Clinical Impact of Treatment Timing for Chronic HCV

´╗┐Clinical Impact of Treatment Timing for Chronic HCV

Results


Immediate treatment with interferon-containing therapy, with the option of retreatment with interferon-free therapy for those do not initially attain SVR led to the greatest gains in quality-adjusted life expectancy (3.1 QALYs and 8.6 QALYs in noncirrhotic and cirrhotic patients, respectively, compared to no treatment). When retreatment was not an option, delayed treatment with interferon-free therapy was superior to immediate treatment with interferon-containing therapy by 0.2 QALY in noncirrhotic patients and 1.1 QALY in patients with cirrhosis (Table 2).

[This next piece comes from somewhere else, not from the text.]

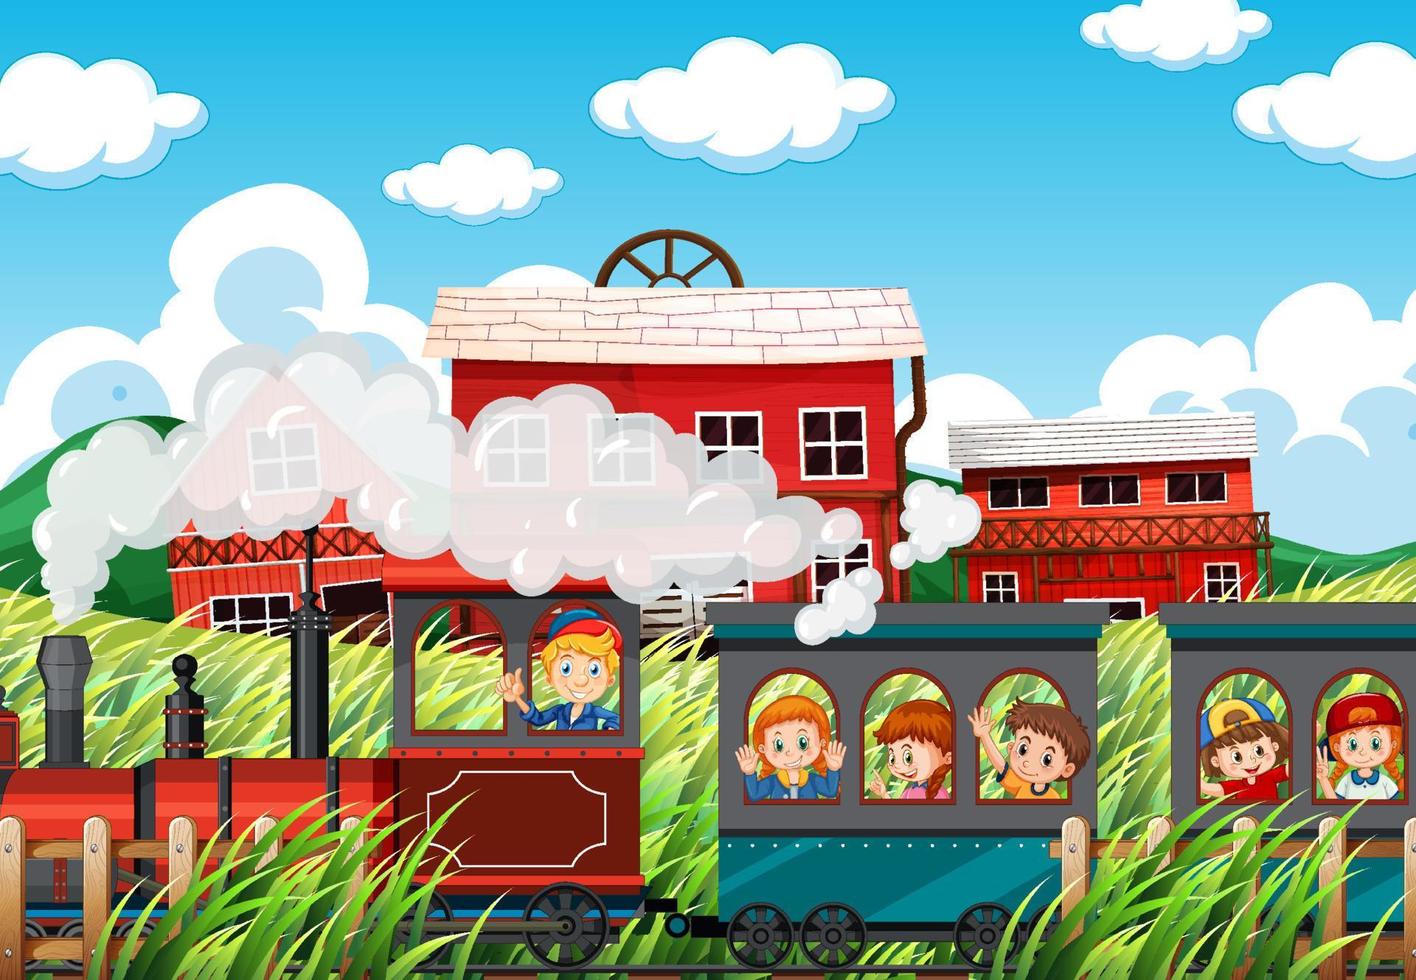 Train riding with children in countryside vector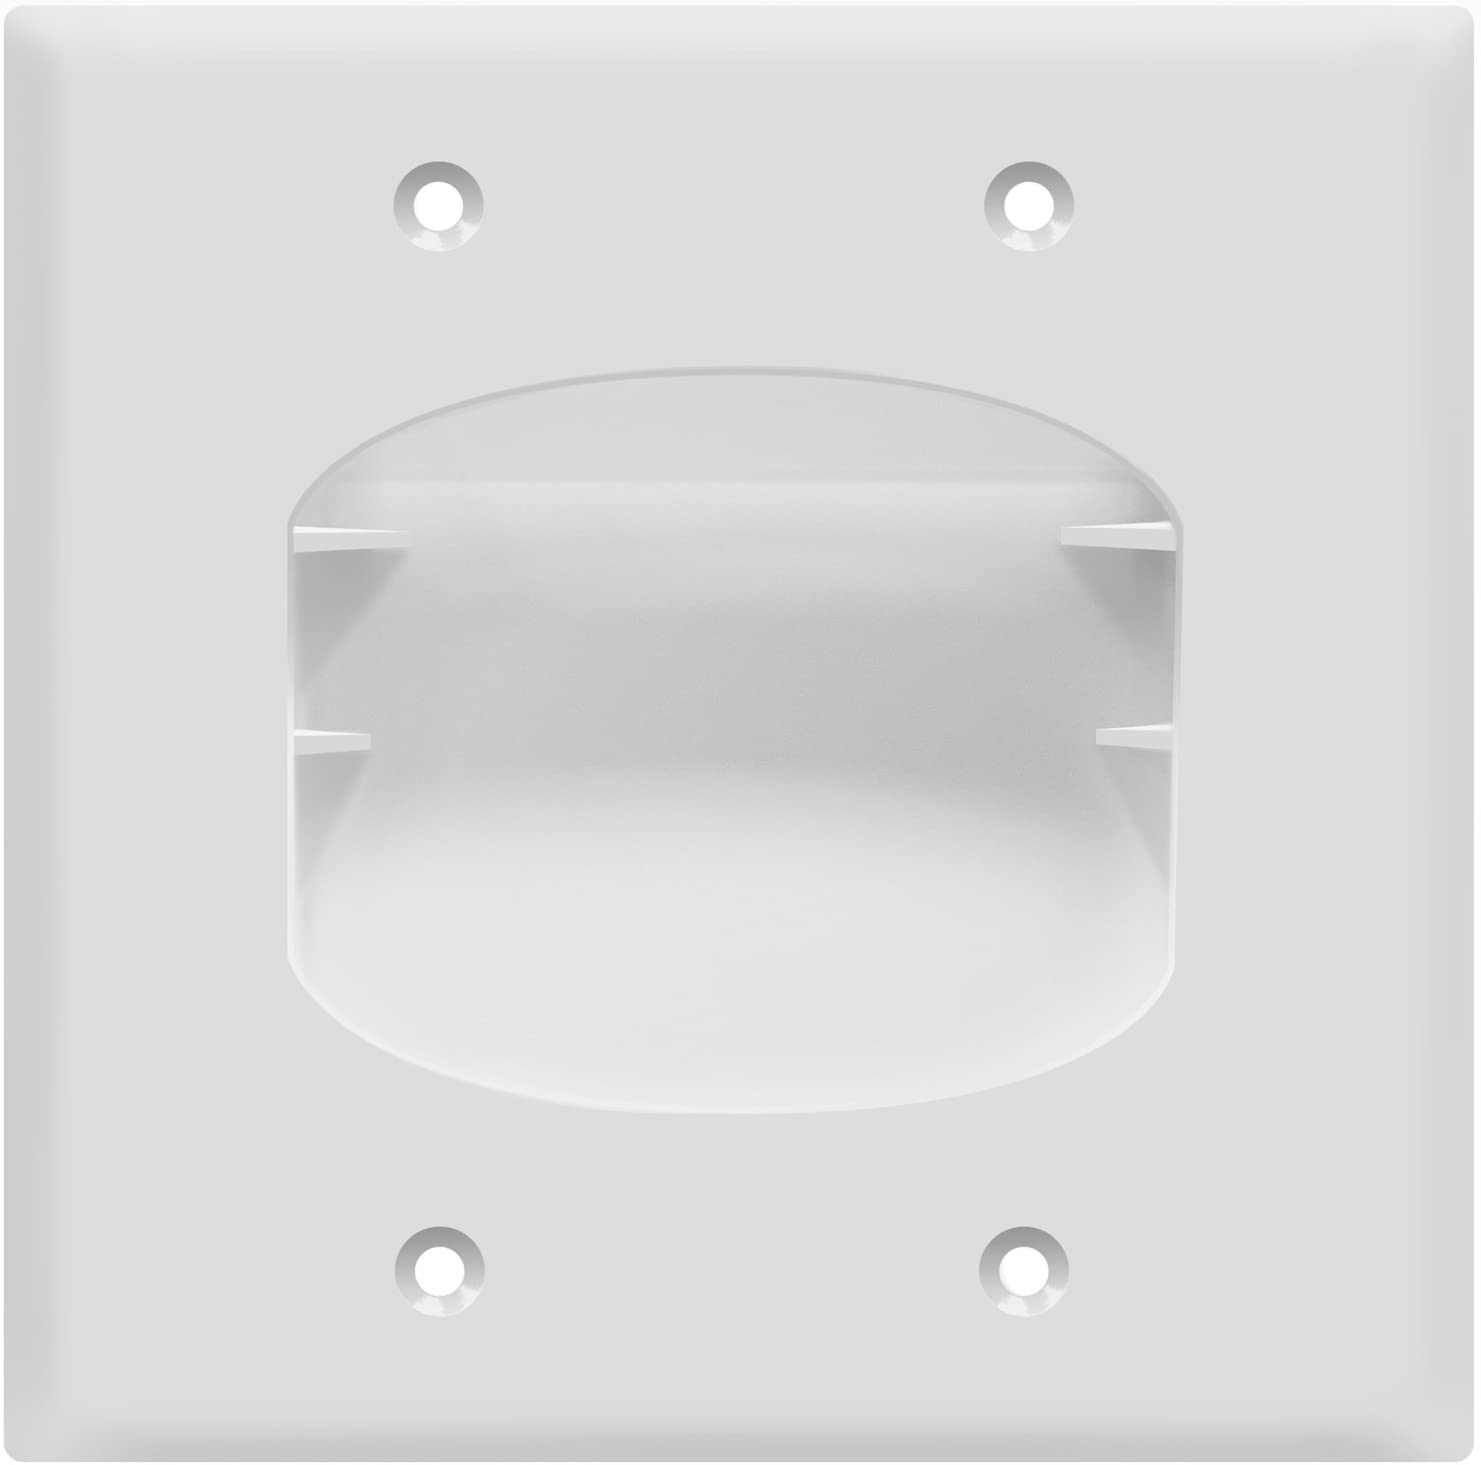 VCE 1-Gang Recessed Low Voltage Cable Plate Wall Plate Internal Management Cable Pass Through Nose Plate 3 Pack

The superiority of delayed interferon-free therapy compared to one-time, immediate interferon-containing therapy was sensitive to the time that patients were forced to wait before receiving interferon-free treatment. In patients with and without cirrhosis, the health benefit of waiting for interferon-free therapy was lost when wait time for this regimen was greater than 3 years for patients with cirrhosis and 3.2 years for noncirrhotic patients (Fig. 3). Increasing delay in interferon-free therapy resulted in decreasing health benefits compared to no therapy, an effect that was greater in patients with cirrhosis compared to noncirrhotic patients.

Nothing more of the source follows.